Entries taken from a collection:
□ □ □ □ □

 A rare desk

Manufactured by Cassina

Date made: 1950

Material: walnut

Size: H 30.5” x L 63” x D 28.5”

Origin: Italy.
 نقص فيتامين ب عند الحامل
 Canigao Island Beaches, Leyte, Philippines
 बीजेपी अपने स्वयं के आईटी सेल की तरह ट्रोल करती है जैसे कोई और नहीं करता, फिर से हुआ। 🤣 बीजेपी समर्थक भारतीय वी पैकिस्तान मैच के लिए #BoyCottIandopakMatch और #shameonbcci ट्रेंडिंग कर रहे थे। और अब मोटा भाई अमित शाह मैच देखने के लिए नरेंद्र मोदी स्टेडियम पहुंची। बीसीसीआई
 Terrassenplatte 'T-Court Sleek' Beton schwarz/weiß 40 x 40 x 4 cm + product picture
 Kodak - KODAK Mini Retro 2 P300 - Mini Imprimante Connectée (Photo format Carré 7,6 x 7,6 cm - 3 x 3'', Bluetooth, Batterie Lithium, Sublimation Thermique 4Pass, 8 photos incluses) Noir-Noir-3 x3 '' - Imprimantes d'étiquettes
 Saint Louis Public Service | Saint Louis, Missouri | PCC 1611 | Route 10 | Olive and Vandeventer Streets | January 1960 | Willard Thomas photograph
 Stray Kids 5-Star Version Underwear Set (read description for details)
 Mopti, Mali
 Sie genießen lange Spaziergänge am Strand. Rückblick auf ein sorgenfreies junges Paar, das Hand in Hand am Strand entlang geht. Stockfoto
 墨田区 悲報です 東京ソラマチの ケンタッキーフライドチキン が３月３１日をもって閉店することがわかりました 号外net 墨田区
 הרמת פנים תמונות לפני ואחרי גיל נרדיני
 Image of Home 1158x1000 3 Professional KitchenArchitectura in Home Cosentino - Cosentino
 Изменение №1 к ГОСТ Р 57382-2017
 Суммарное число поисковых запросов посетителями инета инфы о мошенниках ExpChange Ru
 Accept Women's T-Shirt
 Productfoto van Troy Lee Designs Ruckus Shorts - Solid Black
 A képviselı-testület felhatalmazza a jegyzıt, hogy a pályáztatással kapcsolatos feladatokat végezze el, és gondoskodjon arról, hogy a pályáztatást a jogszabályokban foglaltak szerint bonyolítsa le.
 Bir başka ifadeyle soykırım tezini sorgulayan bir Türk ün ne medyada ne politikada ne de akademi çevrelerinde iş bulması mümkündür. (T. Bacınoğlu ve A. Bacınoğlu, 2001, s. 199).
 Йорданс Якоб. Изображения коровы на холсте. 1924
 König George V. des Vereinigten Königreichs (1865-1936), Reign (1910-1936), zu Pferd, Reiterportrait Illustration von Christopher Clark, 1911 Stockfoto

□ □ □ □ □

YOUR ASSIGNMENT → Write out each line above containing "Stockfoto".

ANSWER TO THE EXERCISE →
 Sie genießen lange Spaziergänge am Strand. Rückblick auf ein sorgenfreies junges Paar, das Hand in Hand am Strand entlang geht. Stockfoto
 König George V. des Vereinigten Königreichs (1865-1936), Reign (1910-1936), zu Pferd, Reiterportrait Illustration von Christopher Clark, 1911 Stockfoto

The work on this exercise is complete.